Masculinity is something that is looked at as the ideal for men. Men aspire to be masculine. However, what many people do not see and realize is how absolutely horrible and damaging the current idea of masculinity is to our young boys and men alive today. One upcoming documentary comes from the MissRepresentation project and is entitled The Mask You Live In. This documentary is a great tool used to address the subject of hypermasculinity. The link is here so please watch it.

As this trailer introduces, there is a problem with American masculinity, as it does not allow young boys and men to feel secure in their masculinity. Males consistently have to prove that they are “men.” If their masculinity or manhood is ever challenged they must stand up for themselves and prove the challengers wrong. To do this, many boys or men decide to engage in physical violence because that’s what being a man is about, isn’t it? This is the problem: violence is no longer a virtue in the same way it may have been 2000 years ago. During the ancient Roman and Grecian times, men constantly fought wars and that was what being a man was. And even before this, 4,000 years ago when people were struggling to survive, it was necessary to fight and resort to violence to survive, but then why does it still continue even with our societal changes?

I believe this is the real problem: we are teaching our boys that to be “men” they need to act out in violence because some 2,000-4,000 years ago that was necessary for survival even though that is not the case now. We, as a society, need to realize that by creating an unrealistic standard for what manhood is we are damning our boys to a life where the constantly feel as though they have to “wear a mask,” as the trailer put it. Men and boys are not allowed to wear their emotions on their sleeve, or they are “pussies” aka a woman, the worst thing a man could be called. Men need to hide what they are really thinking and feeling or their manhood will be questioned.

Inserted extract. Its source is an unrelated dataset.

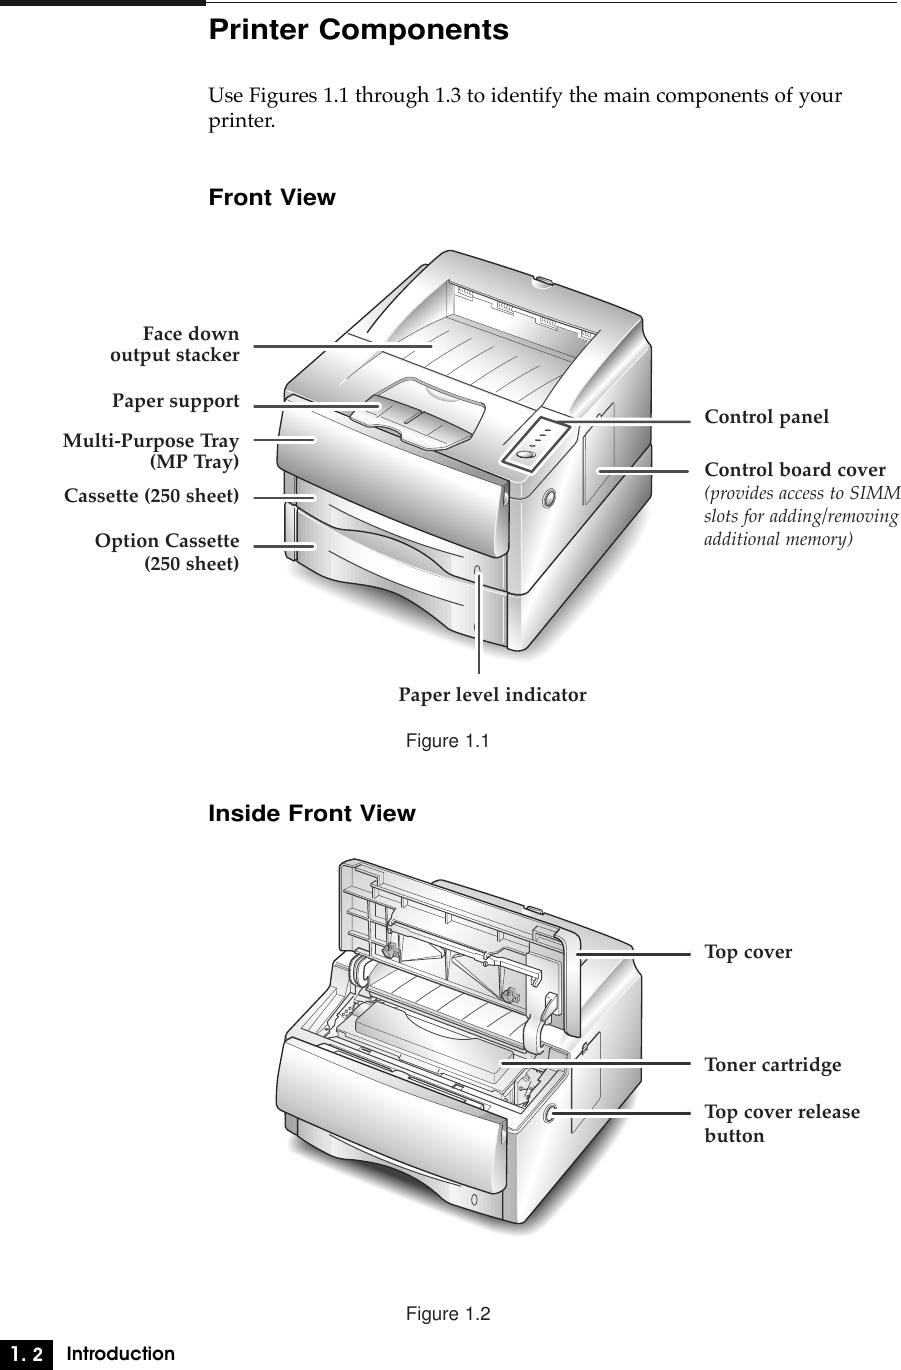 1. 2IntroductionPrinter ComponentsUse Figures 1.1 through 1.3 to identify the main components of yourprinter.Front ViewInside Front ViewFace down output stackerPaper supportCassette (250 sheet)Option Cassette (250 sheet)Multi-Purpose Tray (MP Tray)Control panelControl board cover(provides access to SIMM slots for adding/removing additional memory)Top coverToner cartridgeTop cover release buttonPaper level indicatorFigure 1.1Figure 1.2

Is it possible for men to redefine what manhood is? To rethink what it means to be a man and what should be expected from them as a man in this society? I would like to think this is possible, but we need to change our standards and how we reinforce these ideas of masculinity. We as a collective need to stop saying phrases like “boys don’t cry,” or “you throw like a girl,” or “man up.” The last in this list may be the worst, as it is consistently reinforcing that one needs to be more of a man and that one is never able to achieve this ideal. We need to tell our boys that they are allowed to have feelings. That they are allowed to cry when they are sad or upset, that they don’t have to be good at sports to be a man. That they are allowed to break these norms and do what they want outside of what society has historically said was unacceptable.

I believe we can achieve this change, but we need to decide that this is exactly what we as a society want to do. Anything is possible when people put their minds to it and decide to make a change for the better.